Stored items from a collection
§ §

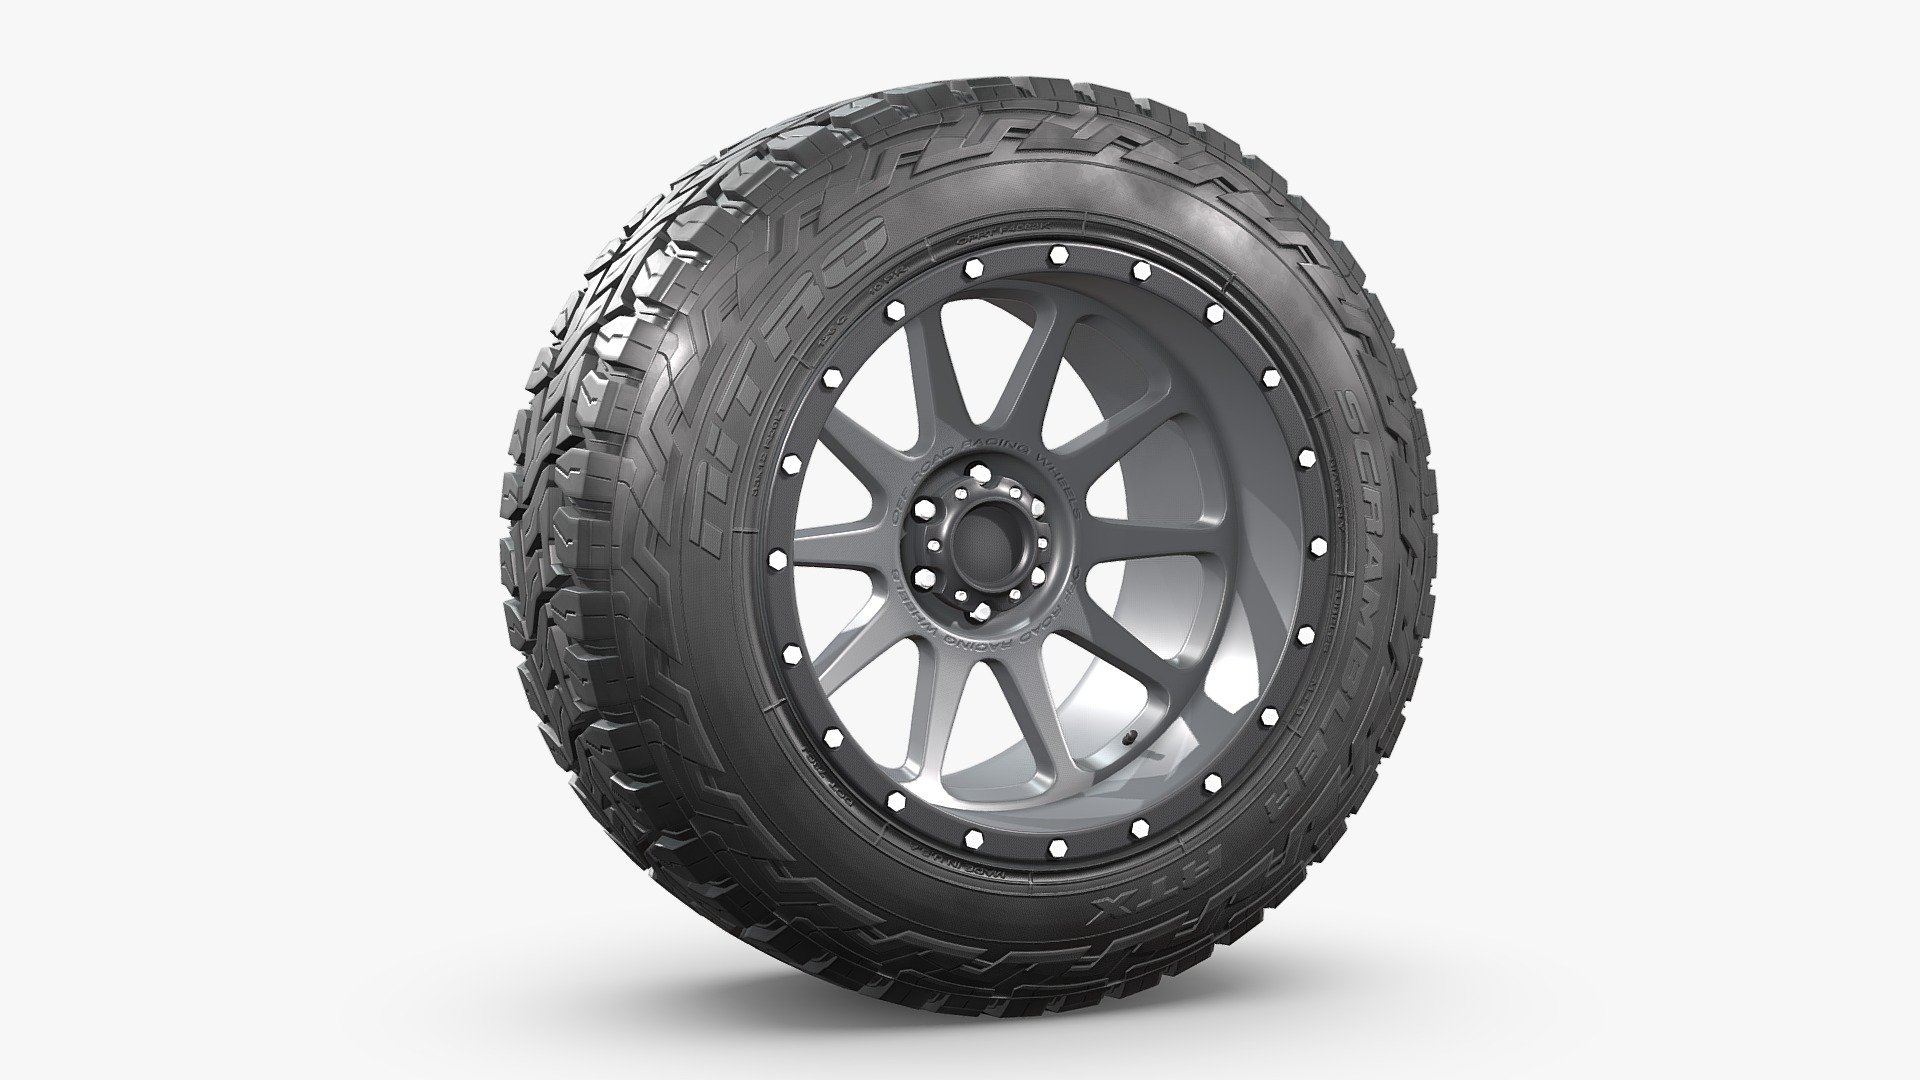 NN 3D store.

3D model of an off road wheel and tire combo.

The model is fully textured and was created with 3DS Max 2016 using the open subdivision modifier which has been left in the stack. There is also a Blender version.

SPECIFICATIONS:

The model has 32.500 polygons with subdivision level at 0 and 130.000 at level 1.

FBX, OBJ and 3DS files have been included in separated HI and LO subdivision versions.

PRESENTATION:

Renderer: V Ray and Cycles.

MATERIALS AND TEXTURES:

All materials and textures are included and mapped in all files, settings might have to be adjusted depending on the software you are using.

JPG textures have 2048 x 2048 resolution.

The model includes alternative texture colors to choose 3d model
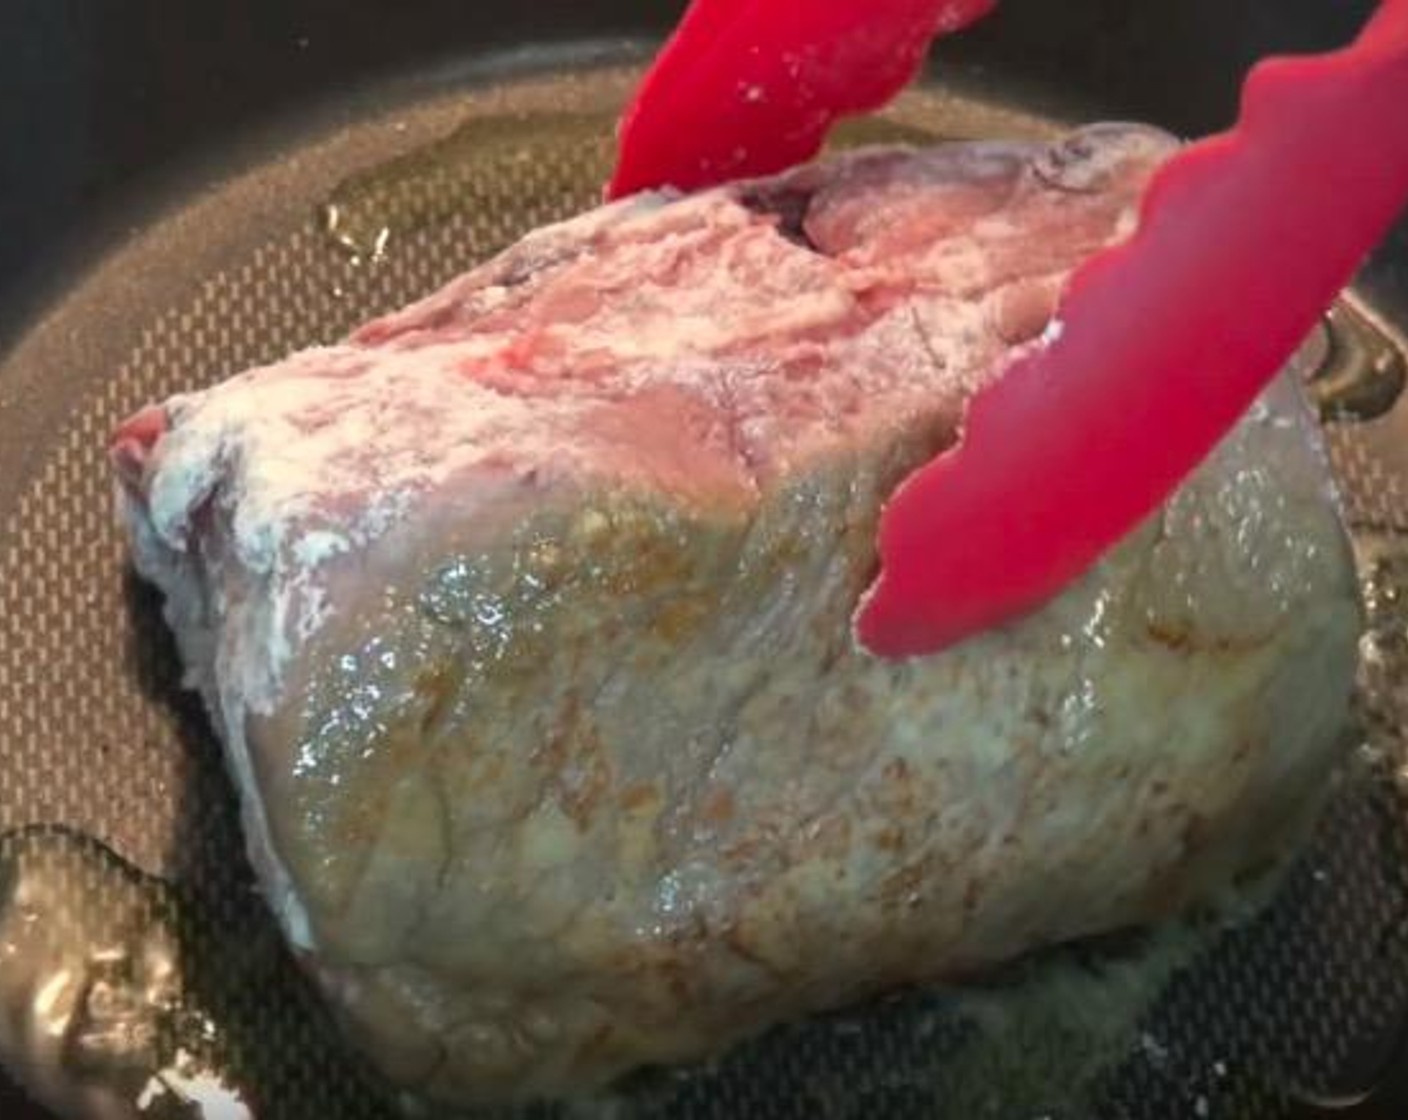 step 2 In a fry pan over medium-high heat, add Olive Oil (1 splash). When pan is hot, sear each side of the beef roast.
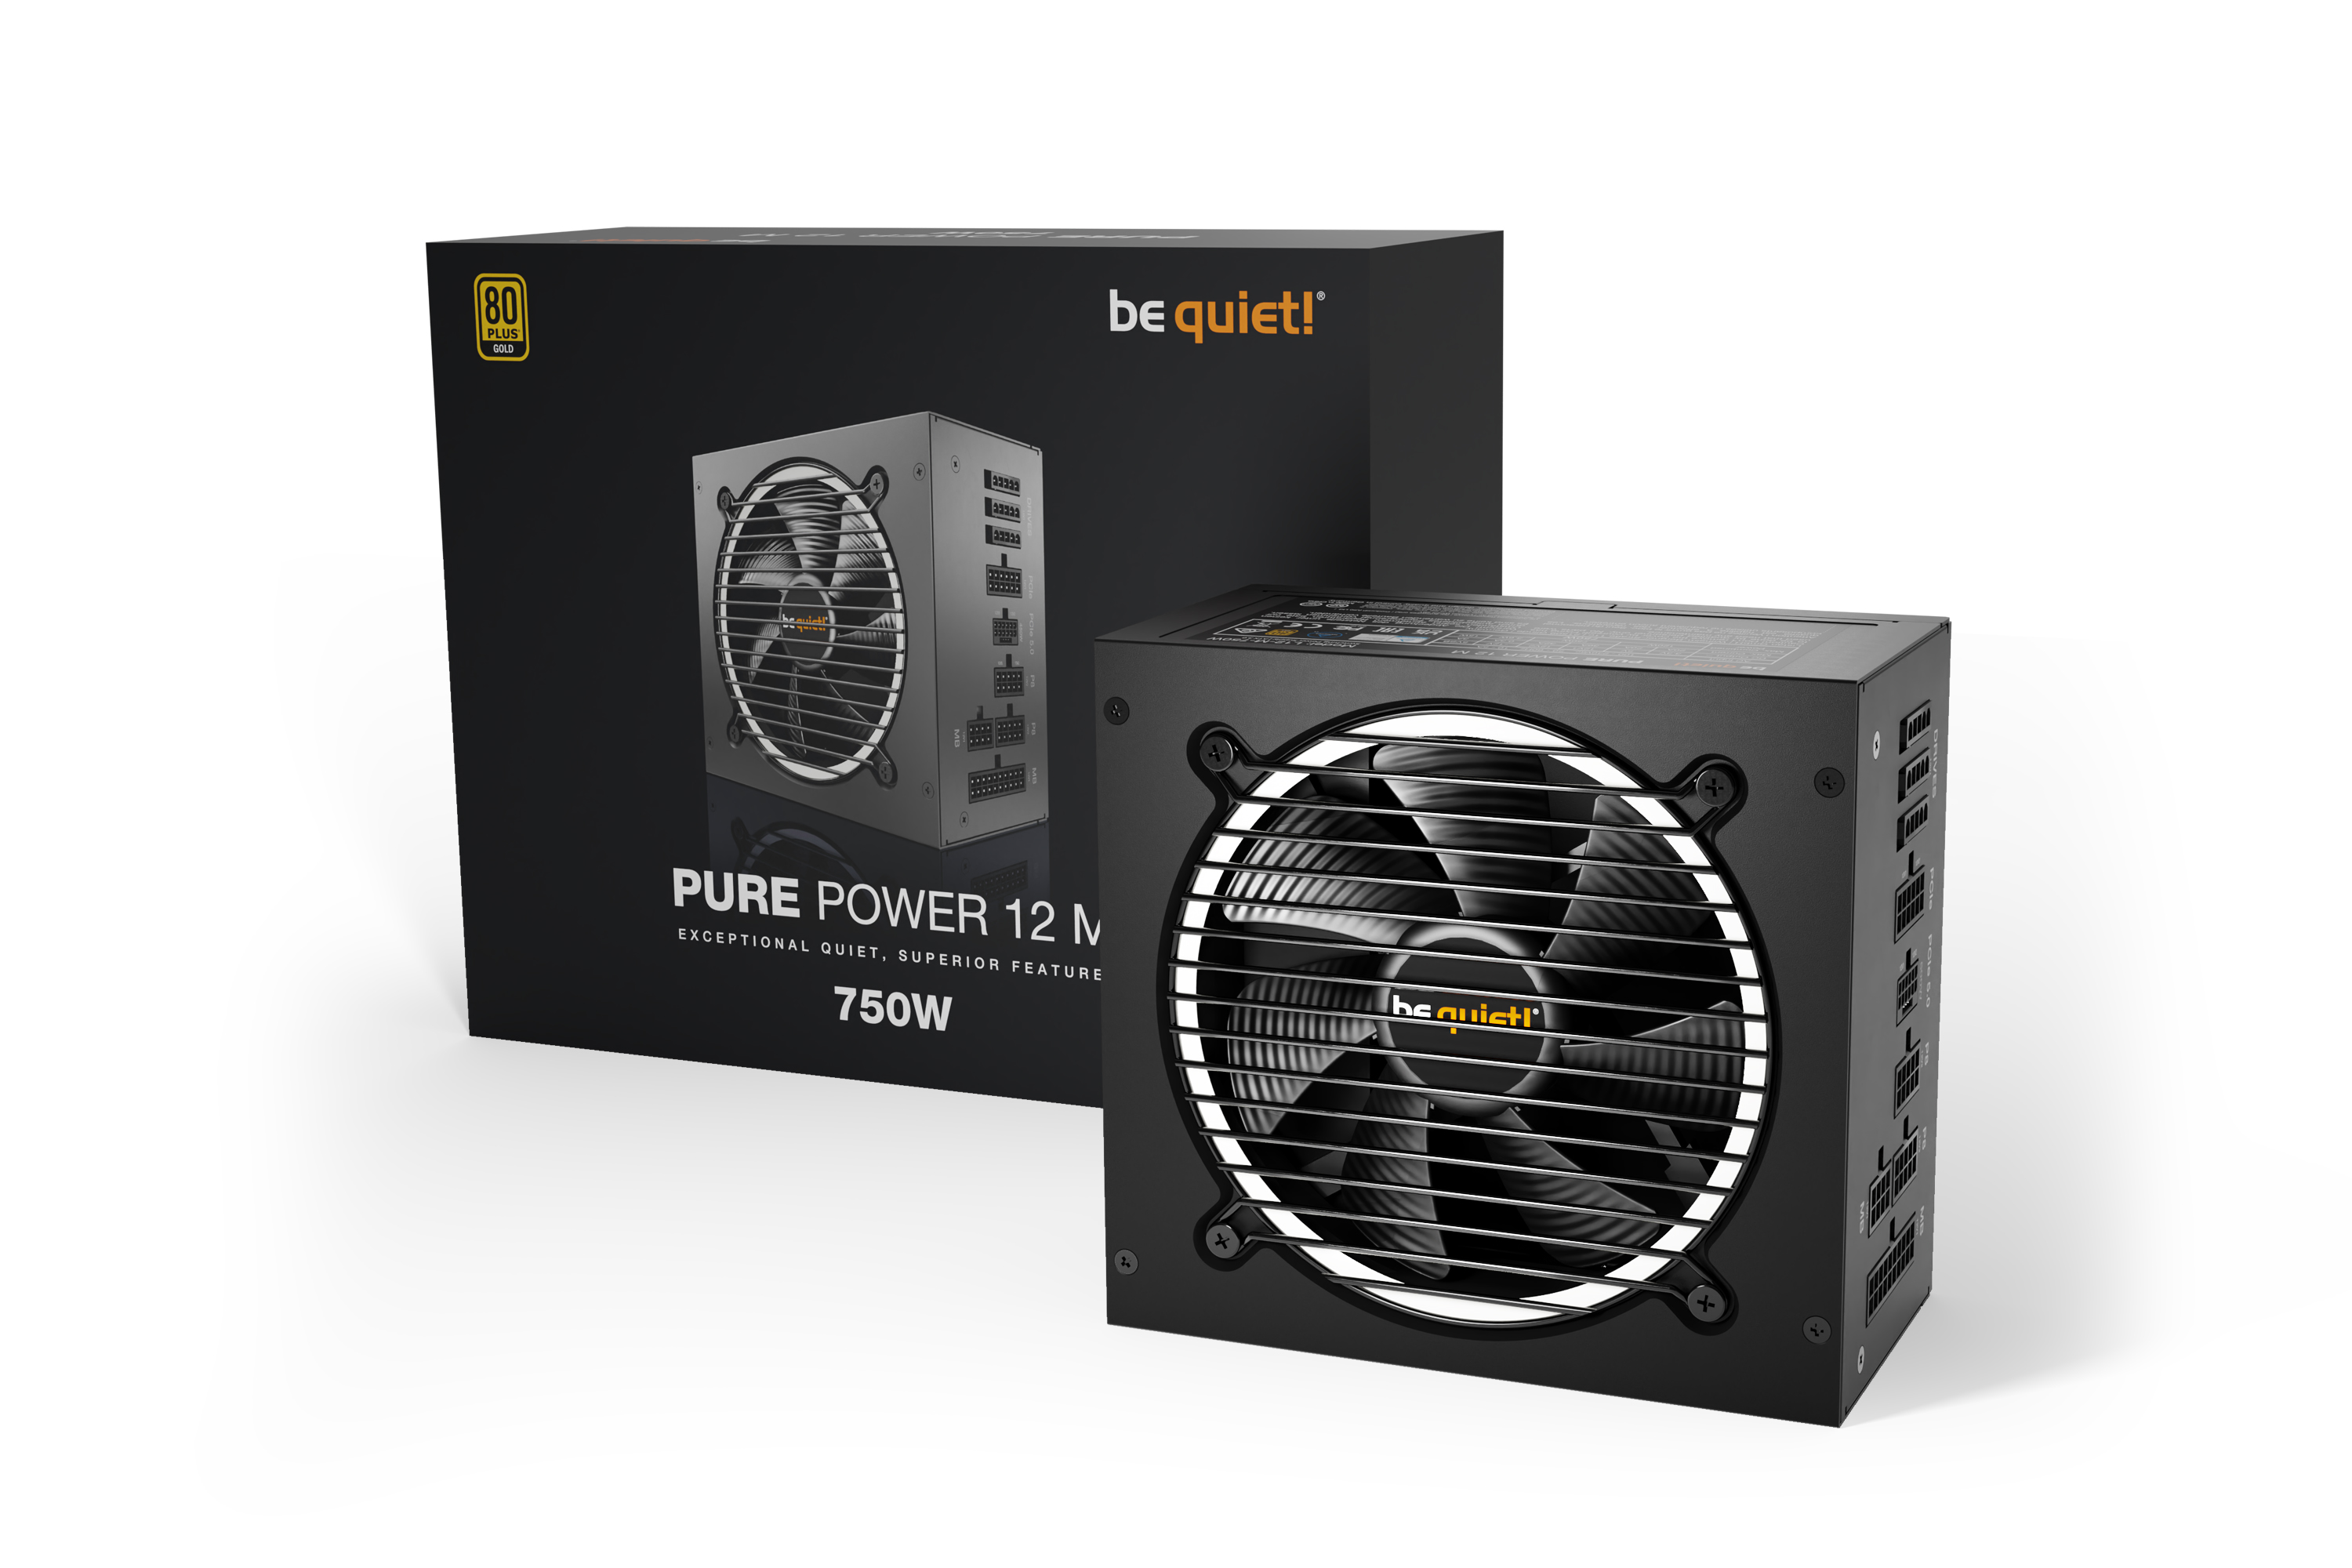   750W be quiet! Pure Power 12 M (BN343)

§ §

— Work task —
A word-for-word copy is required of the lines above from the line with "JPG textures have 2048 x 2048 resolution." through the last line of the data; no other lines and no pictures belong in it.

— Output of the exercise —
JPG textures have 2048 x 2048 resolution.

The model includes alternative texture colors to choose 3d model
 step 2 In a fry pan over medium-high heat, add Olive Oil (1 splash). When pan is hot, sear each side of the beef roast.
   750W be quiet! Pure Power 12 M (BN343)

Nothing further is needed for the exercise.